Wednesday, January 31, 2007

Guantanamo

Last evening, Tuesday evening, the women in the Pink House were fortunate to have an opportunity to speak with an informed source about the first person witness accounts of the true conditions in Guantanamo that this person has seen during visits to the base.

The horrors continue.

There is a feeling among those who go to Guantanamo to meet with prisoners that due to the military courts that are soon to commence, the rate and severity of torture will intensify again so as to gain testimony.

The open to the elements cages are gone, but that is a mixed improvement, at best, as now many prisoners are in severe solitary confinement without windows, without options to exercise, and without any contact with daylight. These men have no contact with anyone who is not involved with questioning them except for that annual visit that may or may not happen.

Many Guantanamo prisoners are refusing the special treats, favorite foods and such during the once a year re-evaluation sessions. These men have lapsed into total despair and paranoia.

Psychiatrists are being used. Adel Hamad

I guess the good news is that no more children are imprisoned at Guantanamo. There were children there and they were treated just like the adults. The youngest Guantanamo prisoner was a child of 10.The youngest prisoner is now around 20 years of age. He would have been around 15 when detained.

The purported acts that were the reasons for detention no longer make up the argument for continued imprisonment. The annual review of each case (which is sometimes overlooked or forgotten) is an assessment of whether the person is of future danger to the U.S. should he be released. Of course after 5 years of torture those individuals who have not yet gone mad do want vengence.

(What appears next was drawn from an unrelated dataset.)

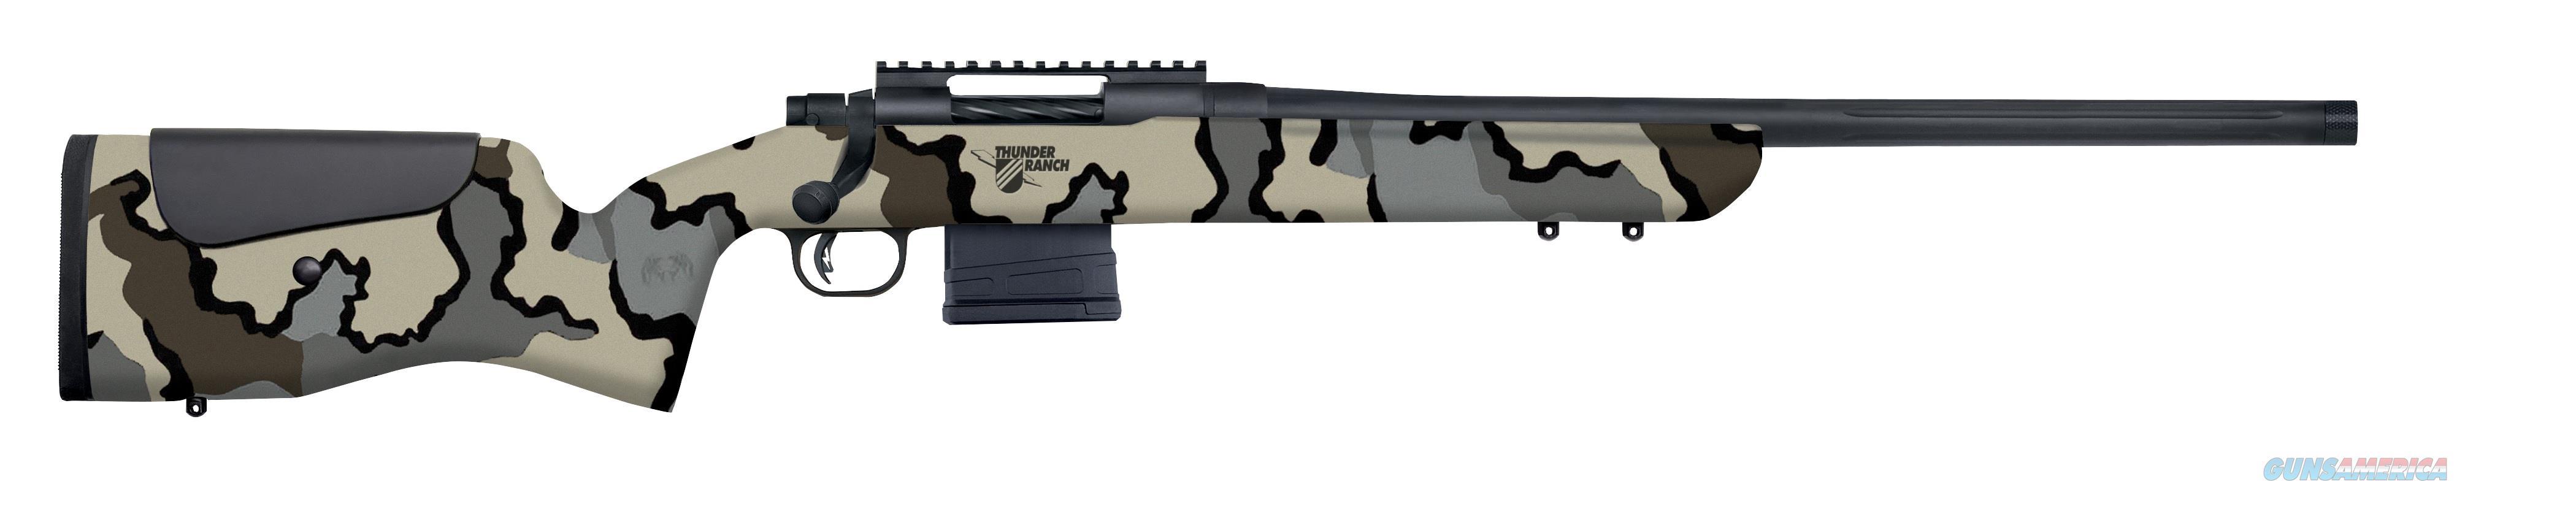 "Mossberg MVP LR Thunder Ranch 7.62 NATO 20"" Kuiu Camo 28041  Guns > Rifles > Mossberg Rifles > MVP"

Many of the remaining 300+ prisoners are from Bosnia as well as Afghanistan. Of course we discussed the sweeps that were made to round up everyone within a certain area that contained farmers as well as Taliban, the $10,000 U.S. plus bounty that was paid to informants for turning someone in to the U.S. forces in a country where the yearly income is one to two hundred dollars.

The word atrocity doesn't begin to describe the horror of the injustices committed in our name in the past and at the present time in Guantanamo and other secret prisons.

We also spoke of the need to stop the flights that begin in N. Carolina and Georgia that spirit U.S. targets of interest in Europe and elsewhere away to other secret prisons and torture chambers.

The plan to put a face on this horrific injustice was explained by a Pink woman who has and suggests that we all demonstrate with orange jump suits, black torture hoods, and the number 940 that has been given to Adel Hamad, a Guantanamo prisoner who has a particularly poignant story of injustice.